Privat oder staatlich?

Der Schacher mit der Bahn

Von Karl dem Großen wird berichtet, daß er den Plan zu einem Kanal zwischen Main und Donau betrieb. Das Projekt mußte abgebrochen werden wegen zu großer technischer Schwierigkeiten und weil die Finanzierung aus dem Ruder lief.

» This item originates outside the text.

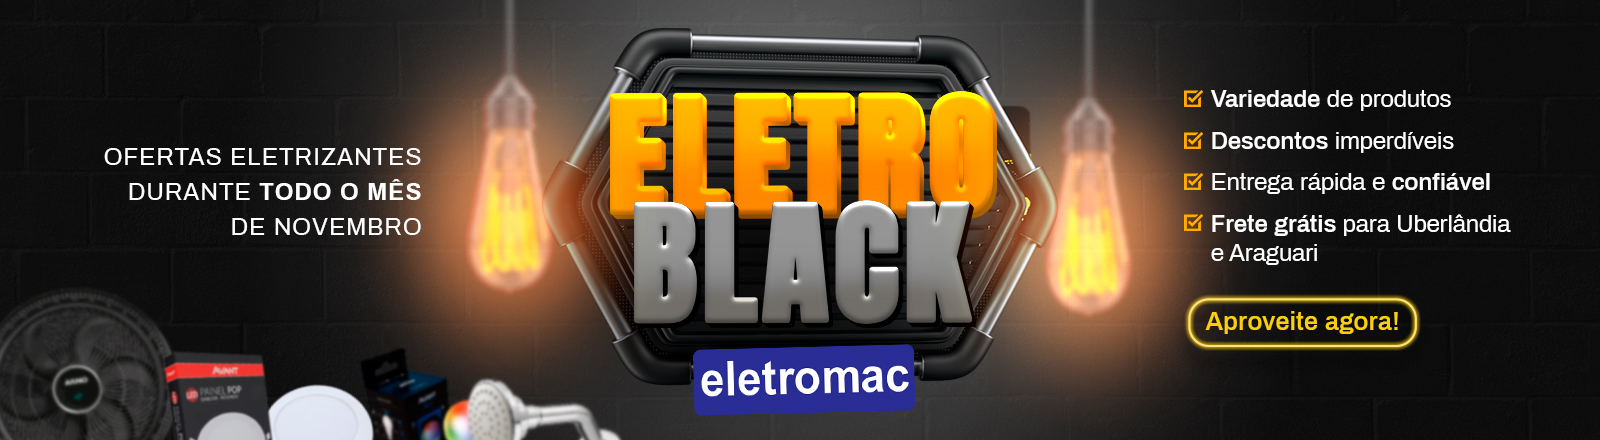 eletroblack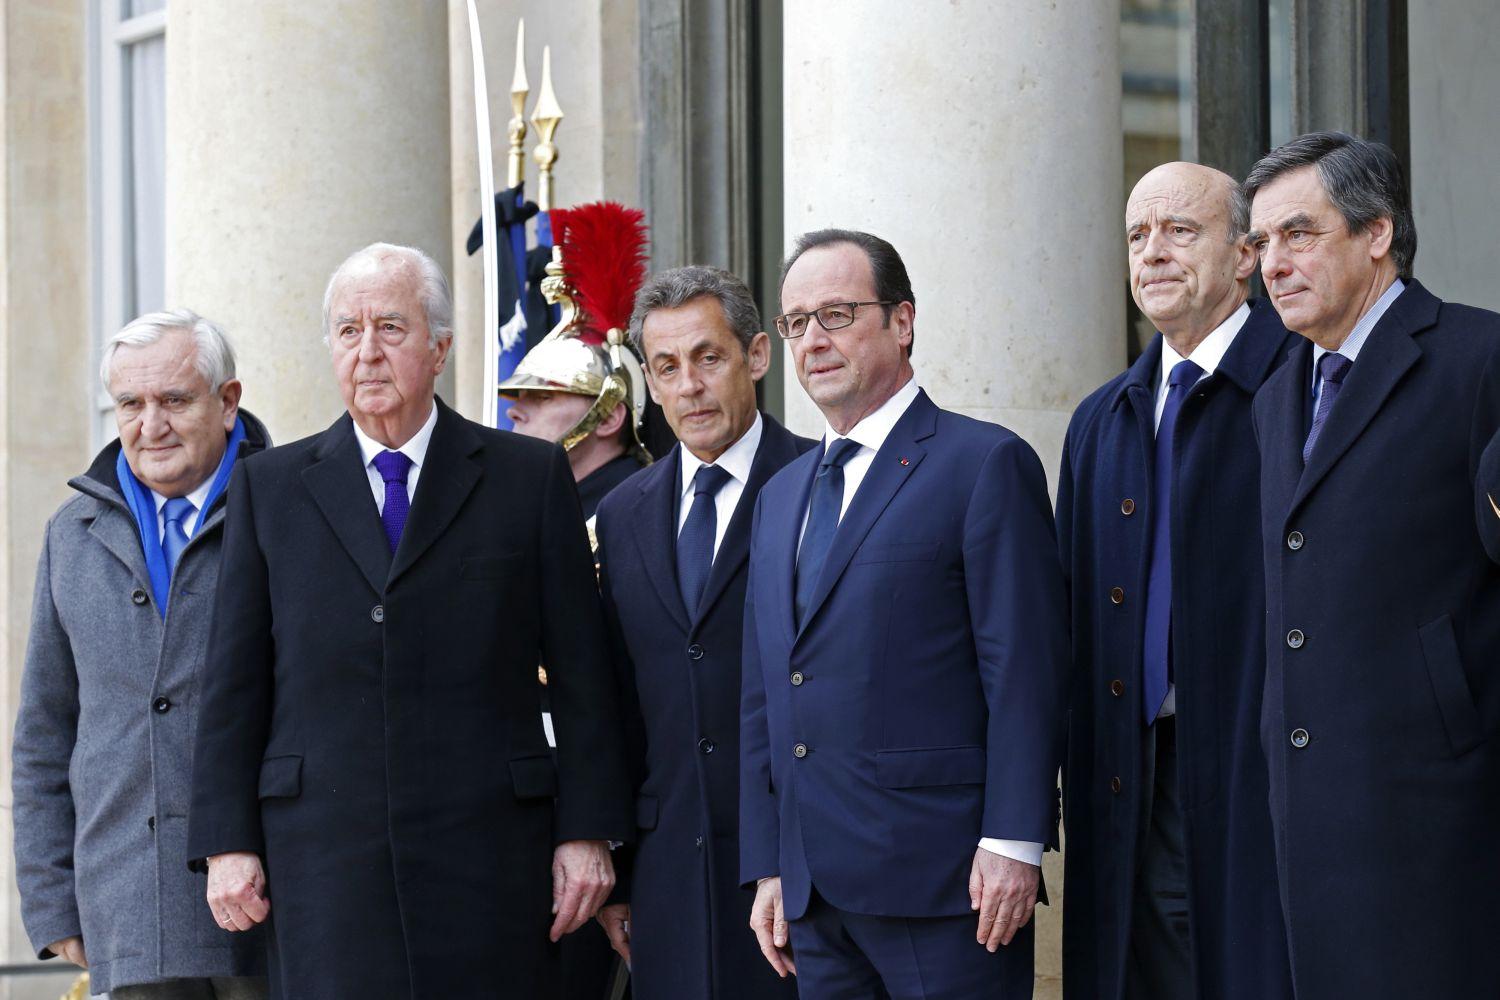 Kiállás a volt miniszterelnökökkel. Nicolas Sarkozy volt és Francois Hollande jelenlegi államfő hétfőn Jean-Pierre Raffarin, Edouard Balladur, Alain Juppé és Francois Fillon társaságában

  Im Jahre 1516 sicherten Kaiser Maximilian und der spanische König Karl I. (der wenig später zum Kaiser Karl V. gewählt wurde) Franz von Taxis gegen kostenlose Beförderung kaiserlicher Briefe das erbliche Recht auf alle sonstigen Einnahmen aus dem Postbetrieb zu - Grundlage der Reichtums der Familie von Thurn und Taxis in den folgenden Jahrhunderten.
  Die erste öffentliche Eisenbahn wurde auf Betreiben des britischen Kriegsministeriums gebaut, um in den napoleonischen Kriegen eine bessere Verbindung zwischen London und dem Marinehafen Portsmouth zu haben. Nach Eröffnung erster Teilstrecken 1803 und 1805 wurde das Unternehmen nicht weiter verfolgt, da inzwischen Napoleon bei Trafalgar geschlagen und eine Invasion in Großbritannien nicht mehr zu befürchten war. Der von der Gegenseite zu solchem Behufe angedachte Kanaltunnel kam über das Planungsstadium nicht hinaus.
  Drei Beispiele aus verschiedenen Jahrhunderten, die zeigen, wie unterschiedlich staatliche Instanzen an Infrastruktur und Kommunikationswesen interessiert waren. Zugleich werden entscheidende Triebkräfte für solches Engagement sichtbar: staatliche Verantwortung für die Förderung von Handel und Gewerbe; Erleichterung (und Verbilligung) der Verwaltung; der Krieg.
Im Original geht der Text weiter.